Work instructions: Reproduce only the lines of the material below that start at the line containing "Andere Golf Products" and stop at the line containing "Omnom Chocolates wrapped". Keep both end lines.

[Data to examine Boundary: Start]

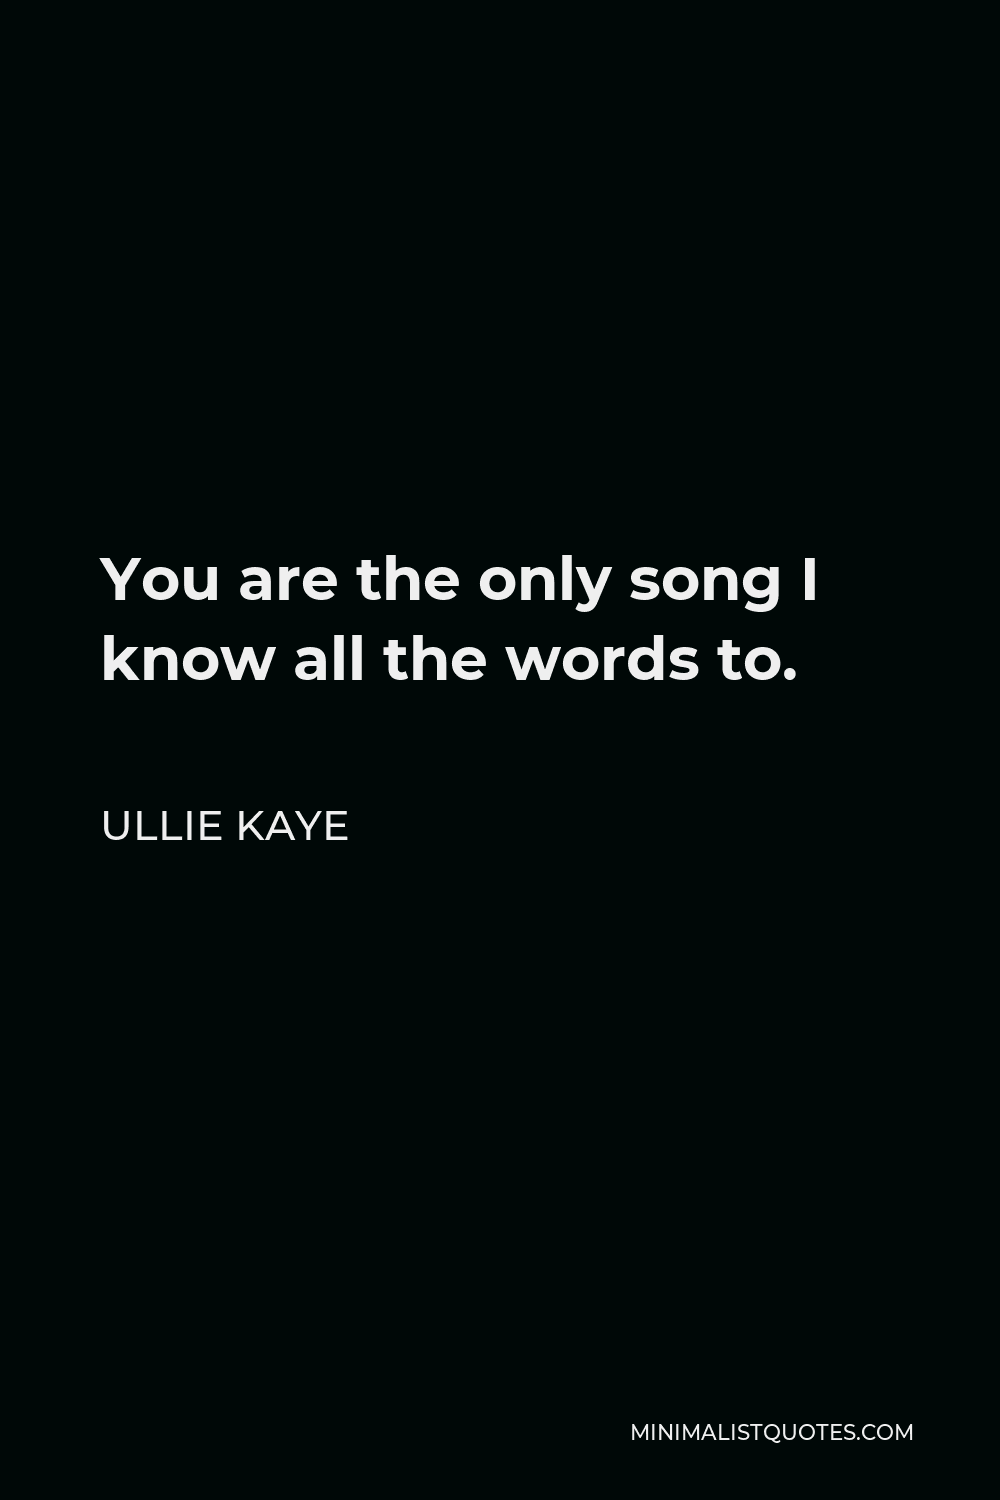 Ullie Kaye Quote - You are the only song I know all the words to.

[Data to examine Boundary: End]
[Data to examine Boundary: Start]

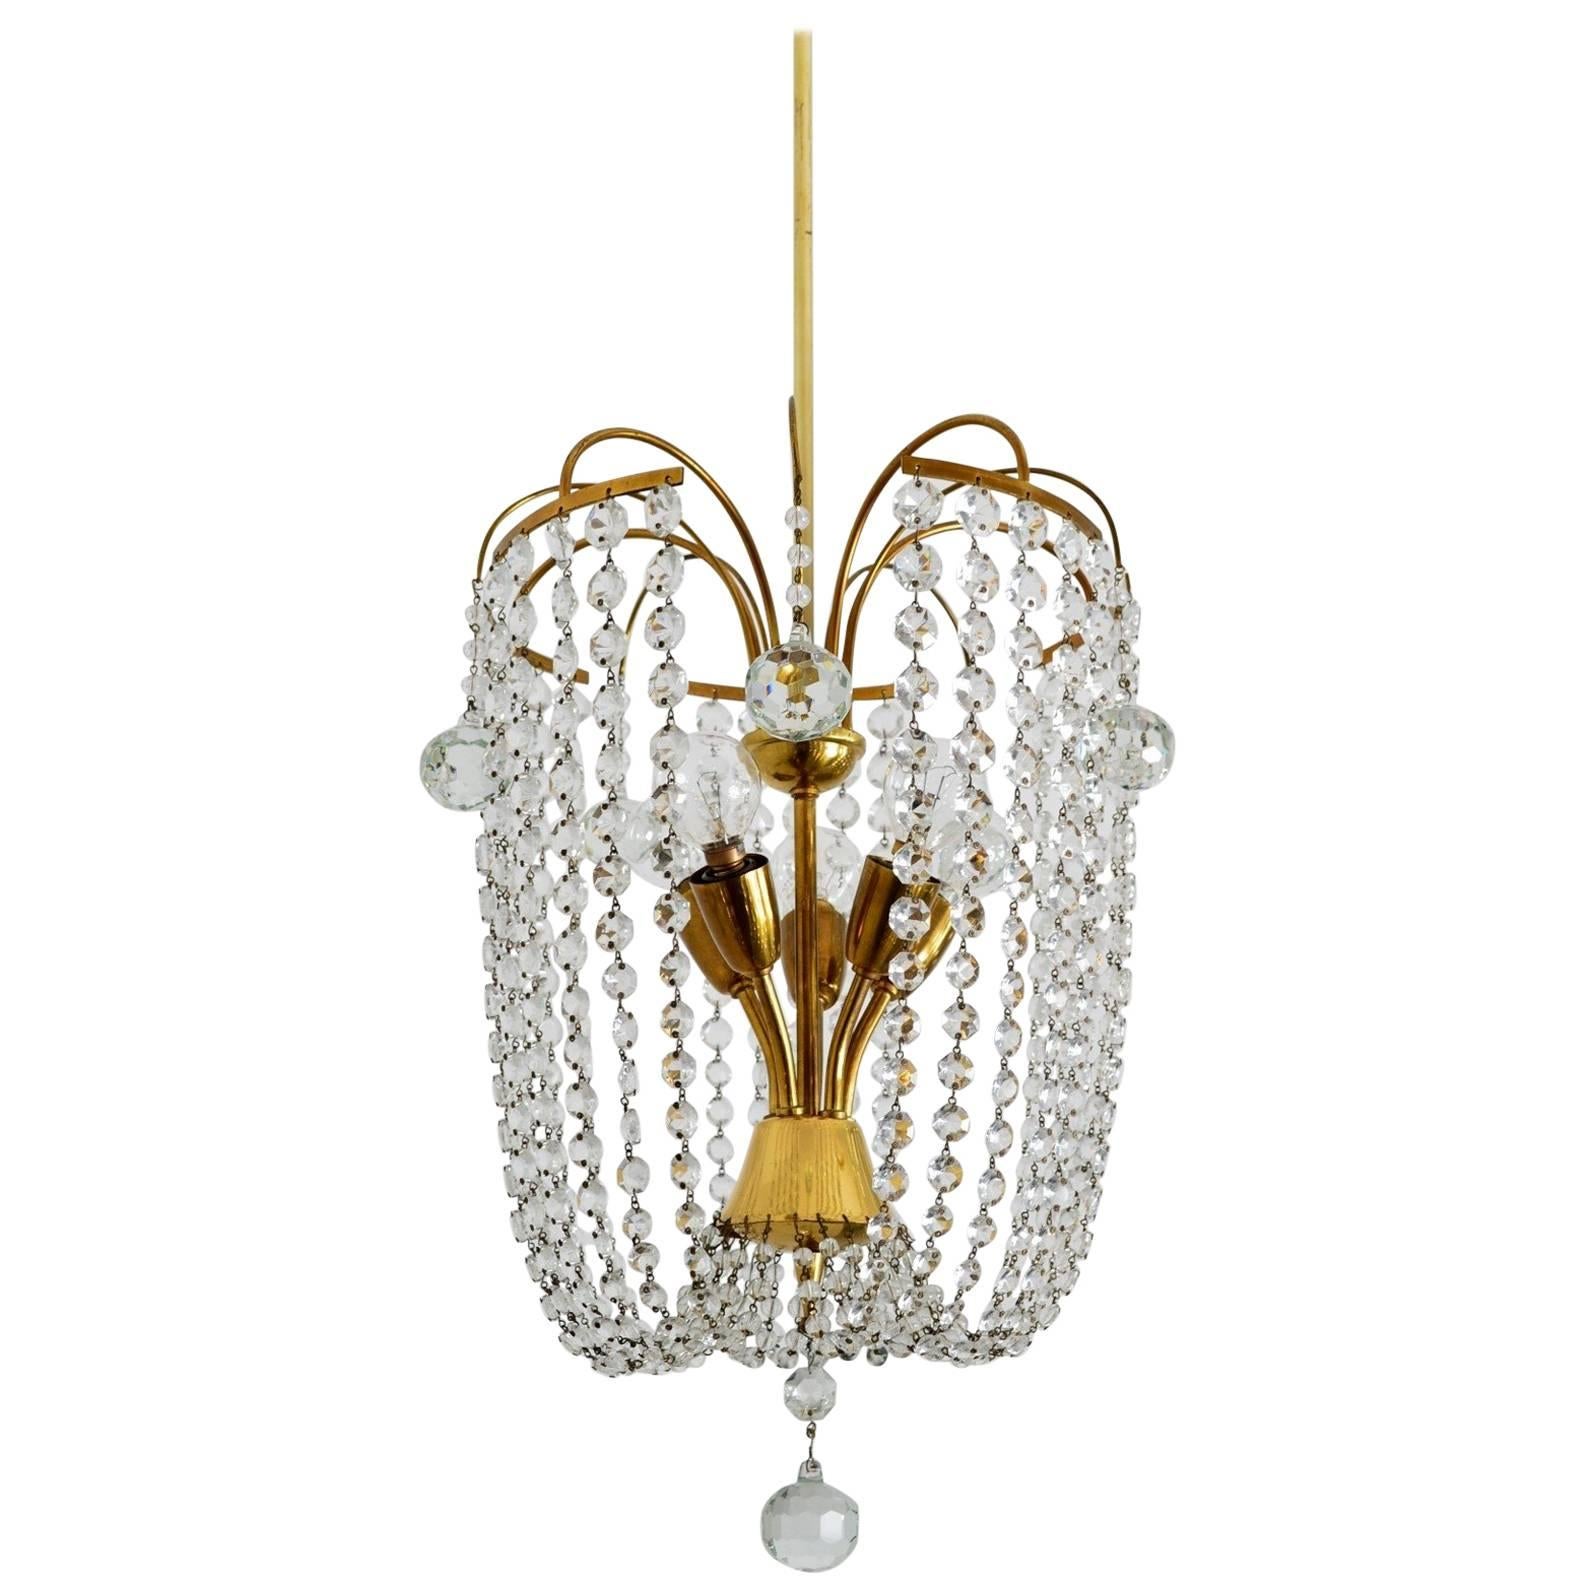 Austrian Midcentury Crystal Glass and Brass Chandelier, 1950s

[Data to examine Boundary: End]
[Data to examine Boundary: Start]

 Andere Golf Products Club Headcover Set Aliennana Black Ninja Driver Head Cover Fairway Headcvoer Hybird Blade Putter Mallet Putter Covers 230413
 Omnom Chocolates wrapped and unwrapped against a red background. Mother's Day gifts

[Data to examine Boundary: End]

Reply to the exercise:
 Andere Golf Products Club Headcover Set Aliennana Black Ninja Driver Head Cover Fairway Headcvoer Hybird Blade Putter Mallet Putter Covers 230413
 Omnom Chocolates wrapped and unwrapped against a red background. Mother's Day gifts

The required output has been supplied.